→ Provided data:

───

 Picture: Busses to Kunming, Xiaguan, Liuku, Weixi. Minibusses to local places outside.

───

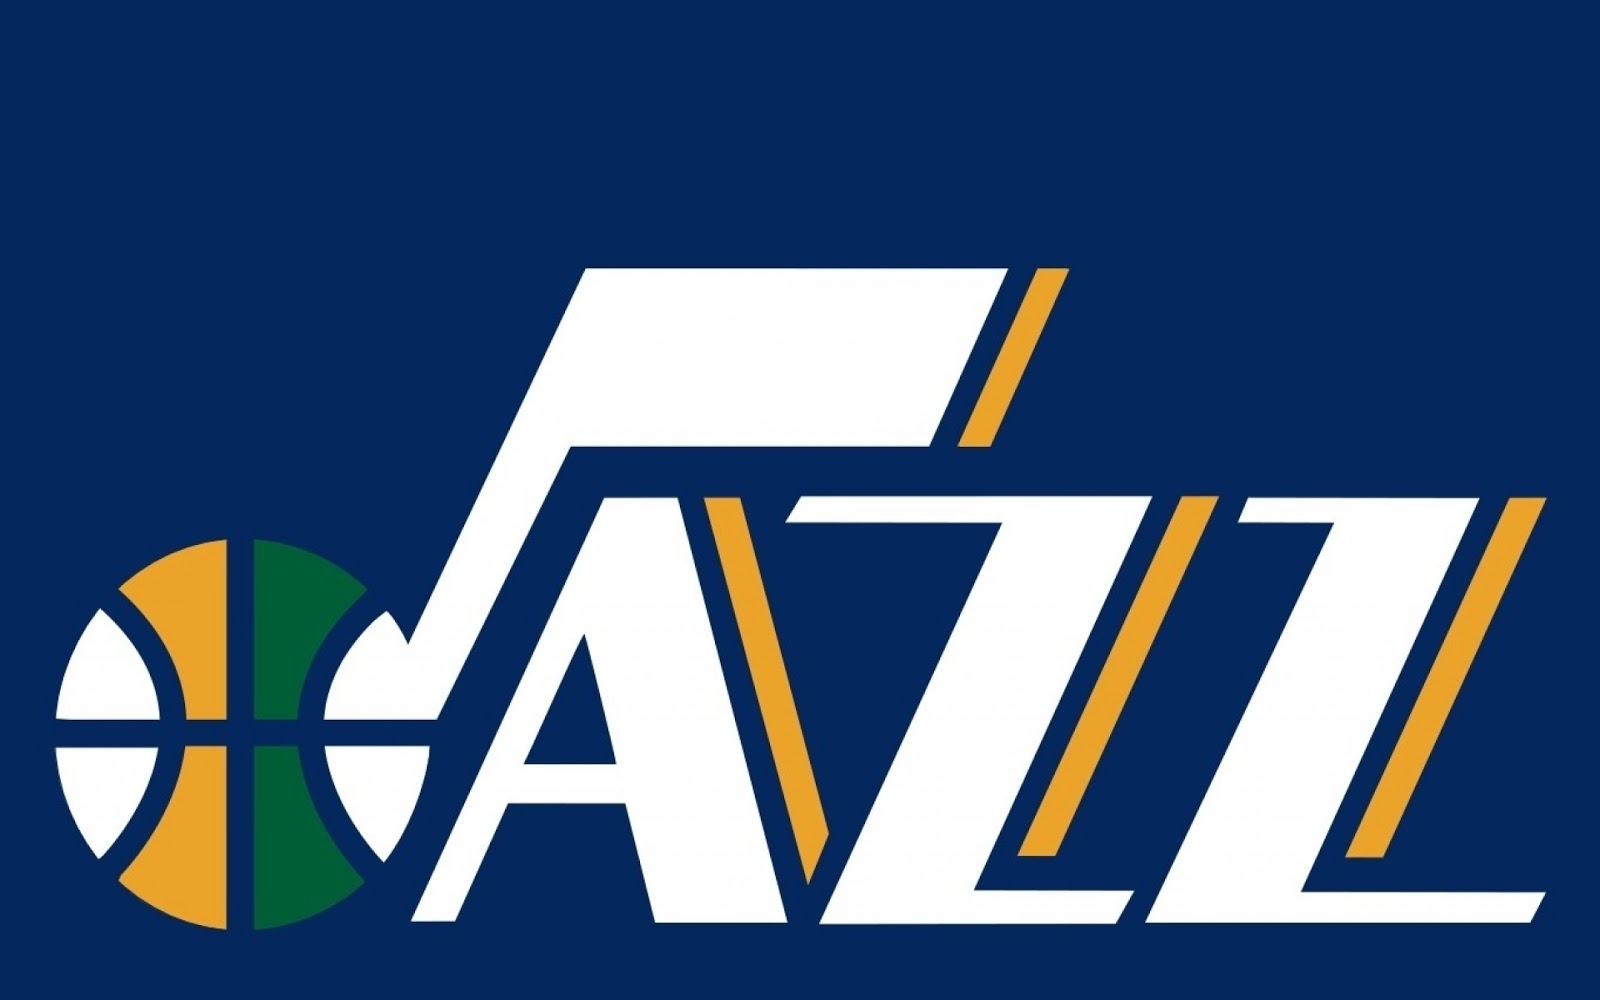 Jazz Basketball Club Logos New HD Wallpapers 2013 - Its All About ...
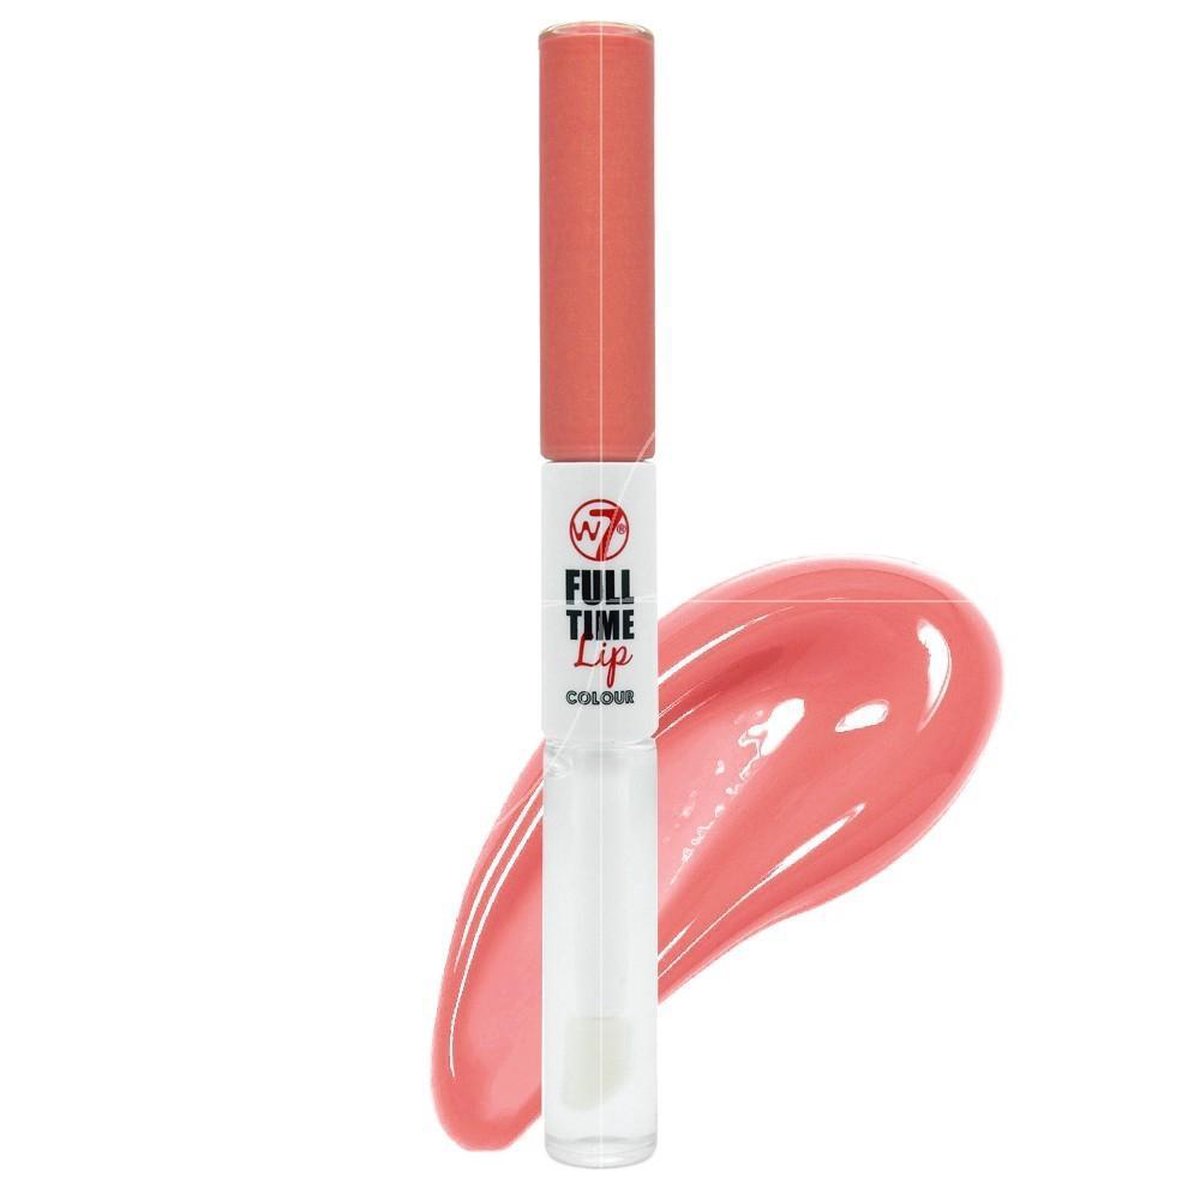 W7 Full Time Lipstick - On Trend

───

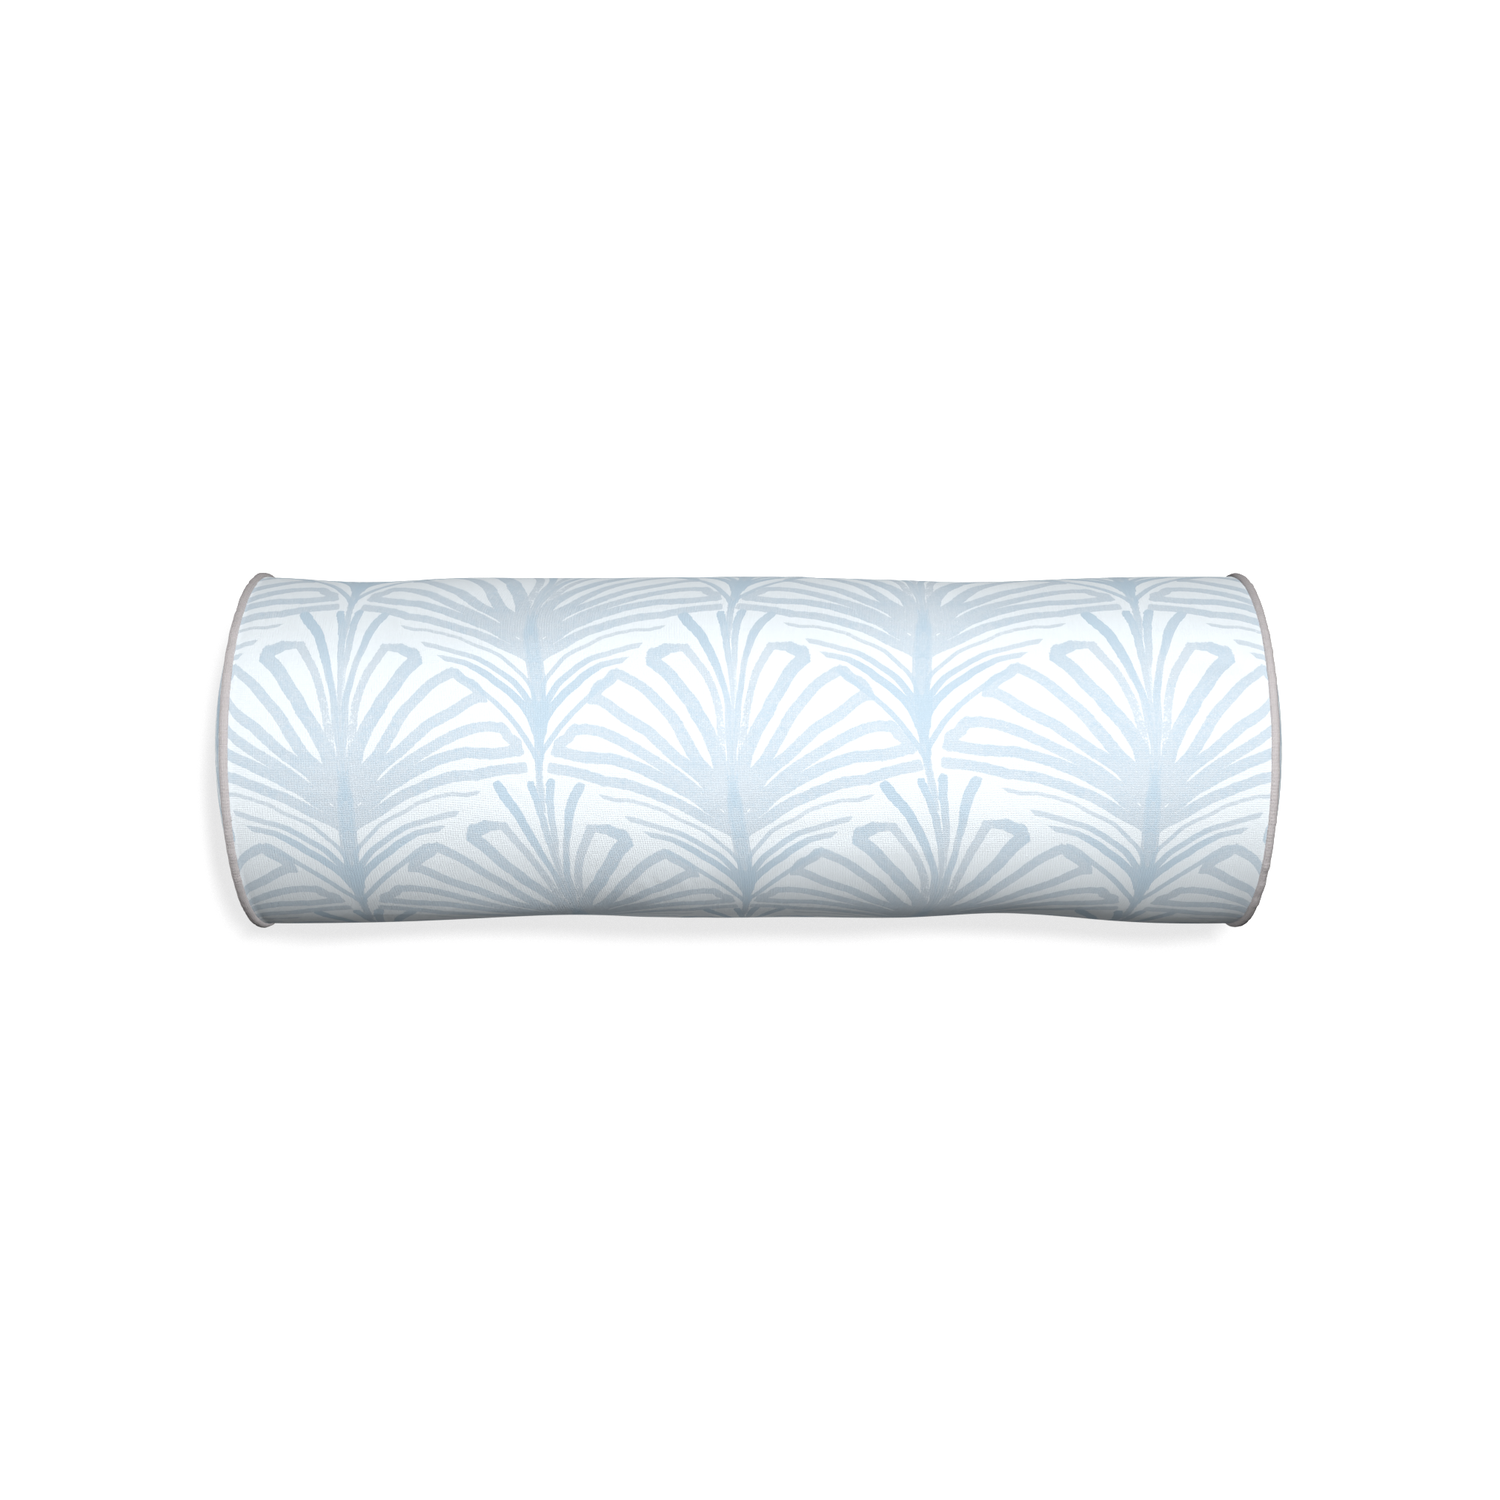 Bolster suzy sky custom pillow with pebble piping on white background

───

→ The task: Within the listing above, copy exactly the lines that start at the one with "Jazz Basketball Club" and continue through the one with "W7 Full Time Lipstick - On Trend". Omit pictures.

→ Solution:
 Jazz Basketball Club Logos New HD Wallpapers 2013 - Its All About ...
 W7 Full Time Lipstick - On Trend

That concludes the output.